→ To do:
Would you please copy the part of the material below that opens with the line containing "When a baby" and closes with the line containing "This is a stunning"? Copy it exactly, and only it.
(Extracted records Opens)
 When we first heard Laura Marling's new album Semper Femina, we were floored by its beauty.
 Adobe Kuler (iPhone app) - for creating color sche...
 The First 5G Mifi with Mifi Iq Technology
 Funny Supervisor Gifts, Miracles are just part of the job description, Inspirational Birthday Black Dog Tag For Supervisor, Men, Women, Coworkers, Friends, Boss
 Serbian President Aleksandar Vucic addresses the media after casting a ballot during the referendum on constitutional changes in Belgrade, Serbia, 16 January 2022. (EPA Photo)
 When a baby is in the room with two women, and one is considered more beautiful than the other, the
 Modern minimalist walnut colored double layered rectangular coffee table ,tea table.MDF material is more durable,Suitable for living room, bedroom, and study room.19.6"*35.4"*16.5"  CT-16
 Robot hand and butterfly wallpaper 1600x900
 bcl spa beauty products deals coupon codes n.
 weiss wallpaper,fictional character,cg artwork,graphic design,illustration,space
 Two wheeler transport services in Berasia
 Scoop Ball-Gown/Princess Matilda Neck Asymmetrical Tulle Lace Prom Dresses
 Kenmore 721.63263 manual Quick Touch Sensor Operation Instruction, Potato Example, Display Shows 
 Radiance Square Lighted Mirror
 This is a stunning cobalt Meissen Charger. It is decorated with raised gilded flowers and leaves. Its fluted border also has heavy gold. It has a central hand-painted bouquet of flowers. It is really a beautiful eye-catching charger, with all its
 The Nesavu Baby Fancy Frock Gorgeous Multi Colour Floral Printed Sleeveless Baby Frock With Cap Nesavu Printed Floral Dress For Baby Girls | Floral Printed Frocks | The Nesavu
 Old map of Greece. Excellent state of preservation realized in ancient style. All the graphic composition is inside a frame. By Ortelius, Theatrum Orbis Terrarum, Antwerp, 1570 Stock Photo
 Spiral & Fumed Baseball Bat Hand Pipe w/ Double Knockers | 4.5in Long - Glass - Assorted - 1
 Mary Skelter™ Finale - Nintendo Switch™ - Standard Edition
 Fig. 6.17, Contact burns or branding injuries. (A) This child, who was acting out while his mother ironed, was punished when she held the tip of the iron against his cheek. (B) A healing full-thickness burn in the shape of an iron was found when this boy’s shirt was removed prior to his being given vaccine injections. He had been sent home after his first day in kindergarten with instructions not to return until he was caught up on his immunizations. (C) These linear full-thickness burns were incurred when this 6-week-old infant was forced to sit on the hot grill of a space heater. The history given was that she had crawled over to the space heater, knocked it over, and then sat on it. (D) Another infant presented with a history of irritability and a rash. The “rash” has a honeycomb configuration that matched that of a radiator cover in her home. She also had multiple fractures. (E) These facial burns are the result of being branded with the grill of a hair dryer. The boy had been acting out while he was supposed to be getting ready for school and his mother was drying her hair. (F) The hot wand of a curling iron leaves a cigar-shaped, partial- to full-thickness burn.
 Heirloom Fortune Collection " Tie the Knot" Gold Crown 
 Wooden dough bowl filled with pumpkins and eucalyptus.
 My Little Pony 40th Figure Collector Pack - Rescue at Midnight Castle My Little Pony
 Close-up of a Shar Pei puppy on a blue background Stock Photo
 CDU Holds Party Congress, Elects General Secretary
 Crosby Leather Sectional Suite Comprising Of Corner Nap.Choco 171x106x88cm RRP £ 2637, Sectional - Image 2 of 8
(Extracted records Closes)
→ Answer for the task:
 When a baby is in the room with two women, and one is considered more beautiful than the other, the
 Modern minimalist walnut colored double layered rectangular coffee table ,tea table.MDF material is more durable,Suitable for living room, bedroom, and study room.19.6"*35.4"*16.5"  CT-16
 Robot hand and butterfly wallpaper 1600x900
 bcl spa beauty products deals coupon codes n.
 weiss wallpaper,fictional character,cg artwork,graphic design,illustration,space
 Two wheeler transport services in Berasia
 Scoop Ball-Gown/Princess Matilda Neck Asymmetrical Tulle Lace Prom Dresses
 Kenmore 721.63263 manual Quick Touch Sensor Operation Instruction, Potato Example, Display Shows 
 Radiance Square Lighted Mirror
 This is a stunning cobalt Meissen Charger. It is decorated with raised gilded flowers and leaves. Its fluted border also has heavy gold. It has a central hand-painted bouquet of flowers. It is really a beautiful eye-catching charger, with all its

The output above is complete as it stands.